If the ownership interest in a jointly controlled entity or associate is reduced but joint control or significant influence is retained, only a proportionate share of the amounts previously recognised in other comprehensive income are reclassified to profit or loss where appropriate.
(c) Segment reporting
Operating segments are reported in a manner consistent with the internal reporting provided to the chief operating decision maker. The chief operating decision maker, who is responsible for allocating resources and assessing performance of the operating segments, has been identified as the full board of Directors.
(d) Foreign currency translation
(i) Functional and presentation currency
Items included in the financial statements of each of the Group’s entities are measured using the currency of the primary economic environment in which the entity operates (‘the functional currency’). The consolidated financial statements are presented in Australian dollars, which is Emu NL's functional and presentation currency.
(ii) Transactions and balances
Foreign currency transactions are translated into the functional currency using the exchange rates prevailing at the dates of the transactions.
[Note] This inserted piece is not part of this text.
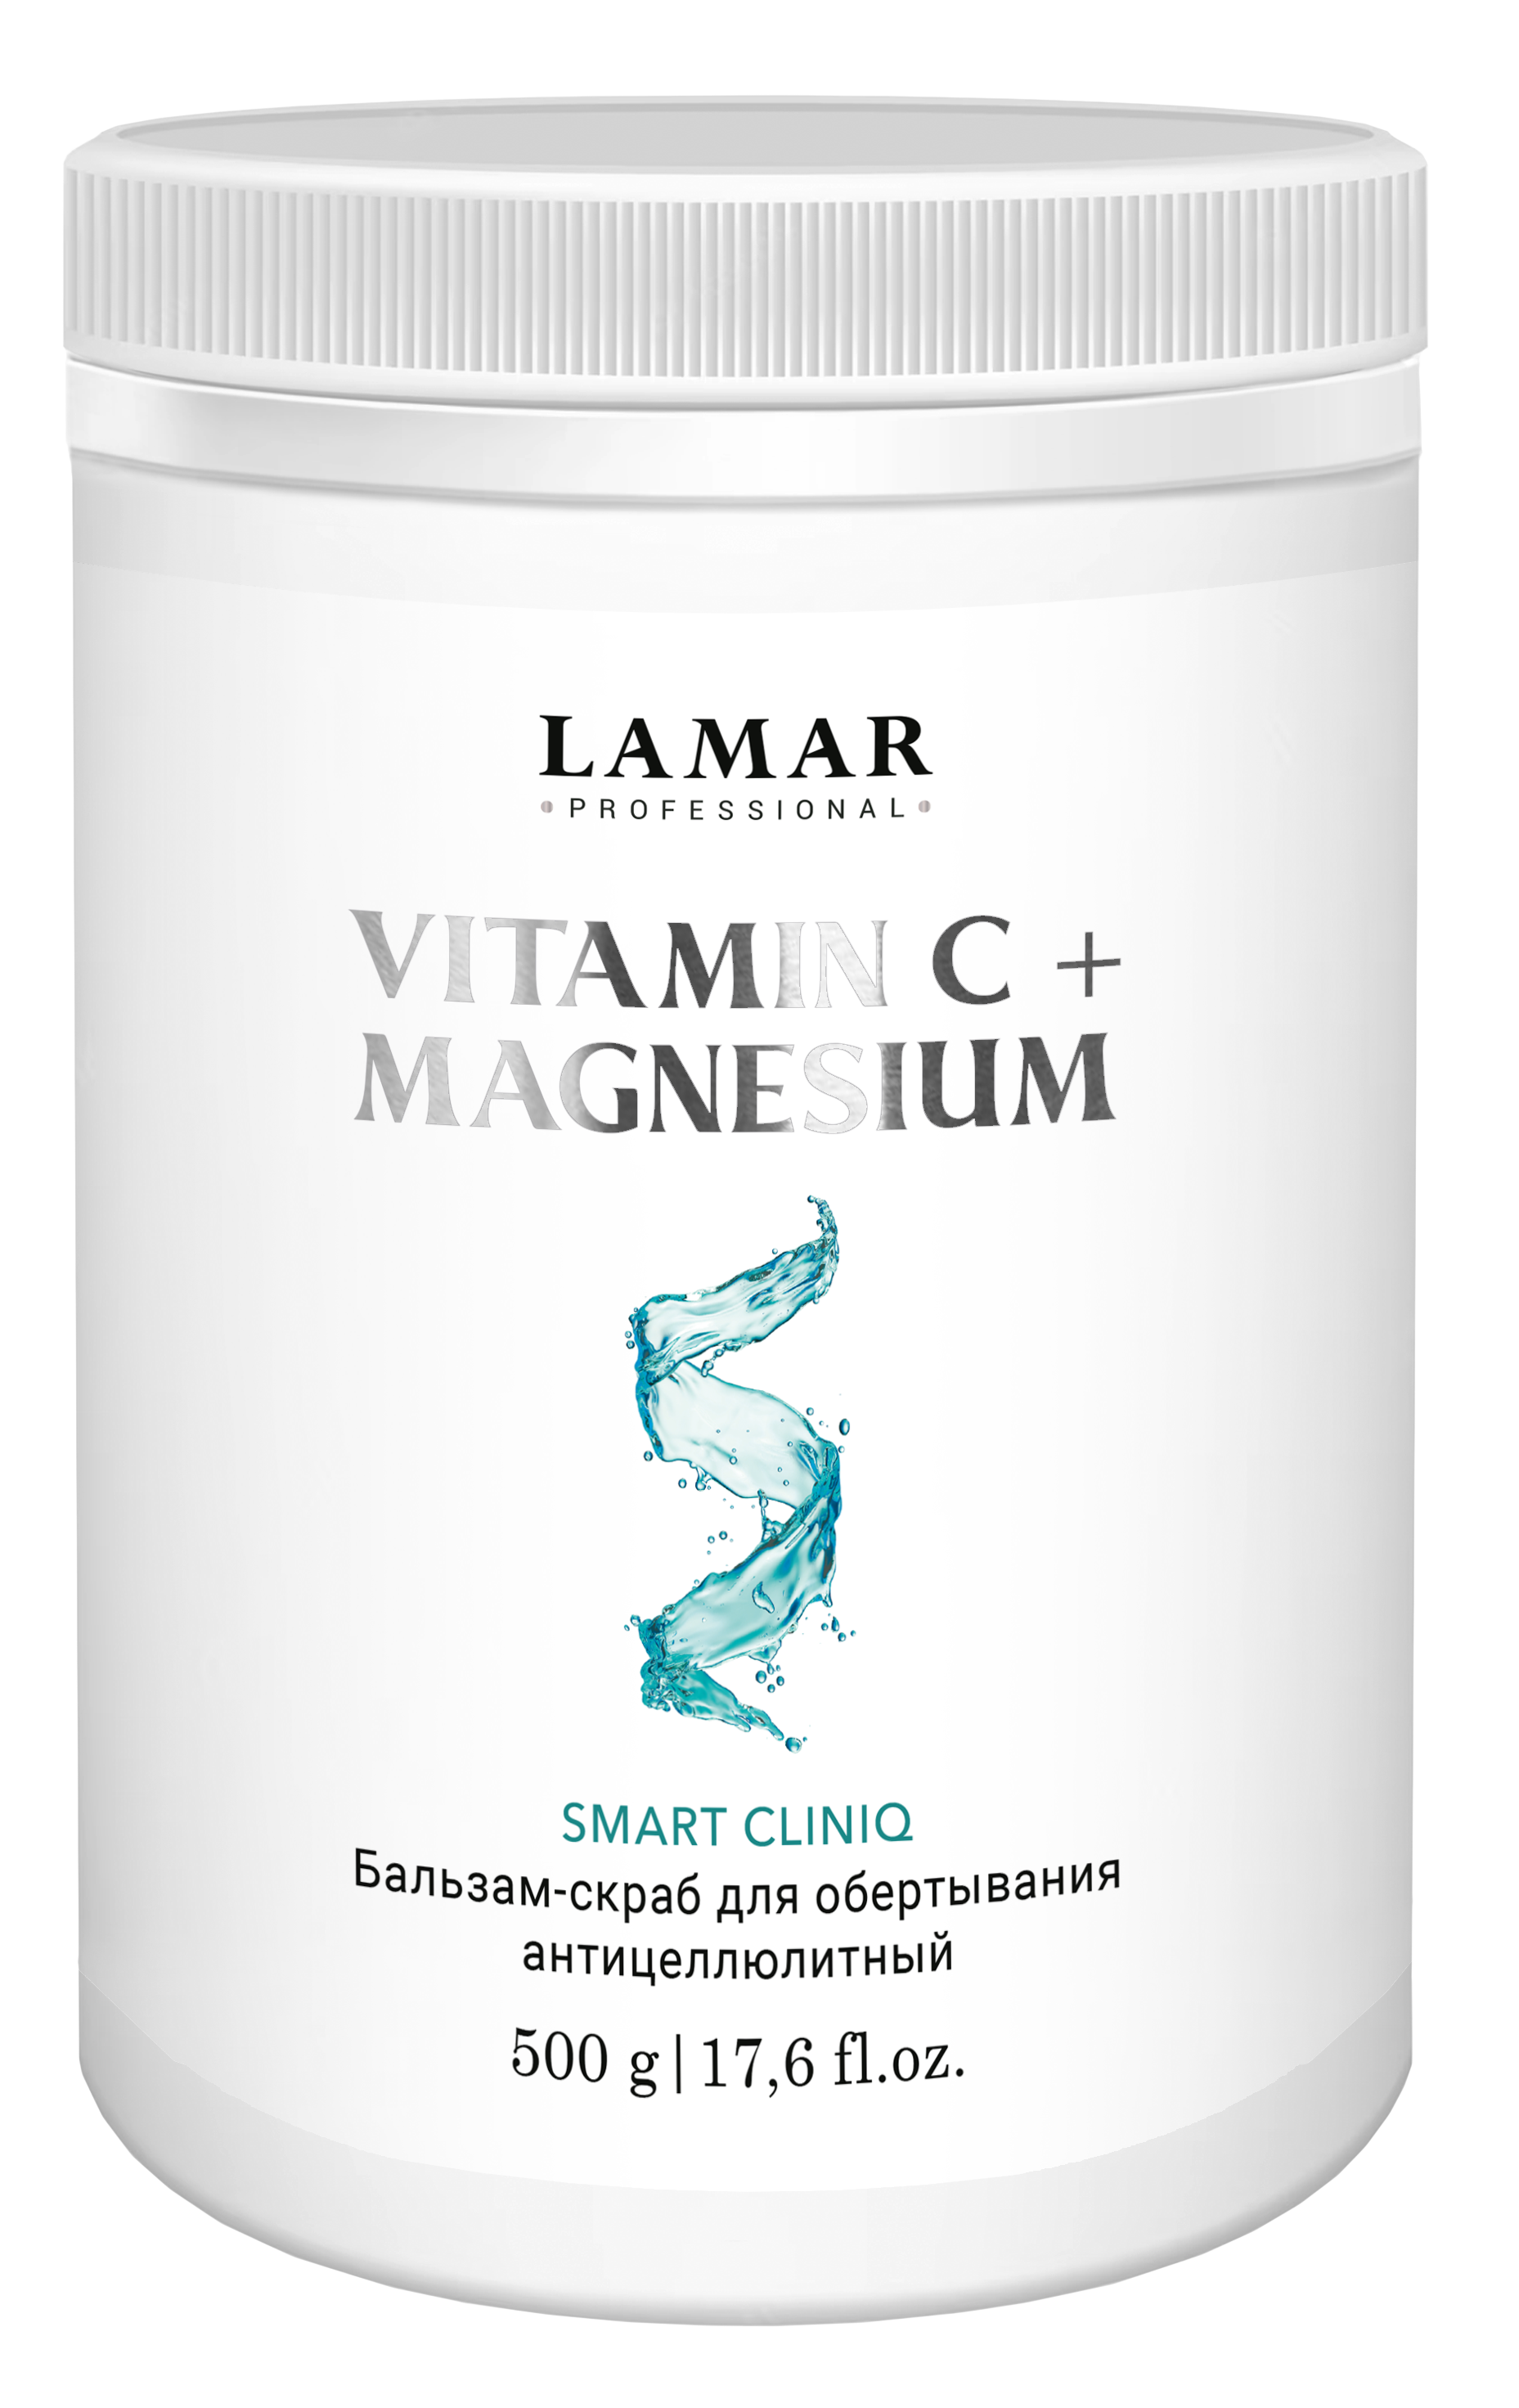 Бальзам-скраб для обертывания Lamar Professional антицеллюлитный VITAMIN C MAGNESIUM 500 г

Foreign exchange gains and losses resulting from the settlement of such transactions and from the translation at year end exchange rates of monetary assets and liabilities denominated in foreign currencies are recognised in profit or loss. They are deferred in equity if they are attributable to part of the net investment in a foreign operation.
(iii) Group companies
The results and financial position of all the Group entities (none of which has the currency of a hyperinflationary economy) that have a functional currency different from the presentation currency are translated into the presentation currency as follows:
-
assets and liabilities for each statement of financial position presented are translated at the closing rate at the date of that statement of financial position;
-
income and expenses for each statement of profit and loss and other comprehensive income are translated at average exchange rates (unless that is not a reasonable approximation of the cumulative effect of the rates prevailing on the transaction dates, in which case income and expenses are translated at the dates of the transactions); and
-
all resulting exchange differences are recognised in other comprehensive income.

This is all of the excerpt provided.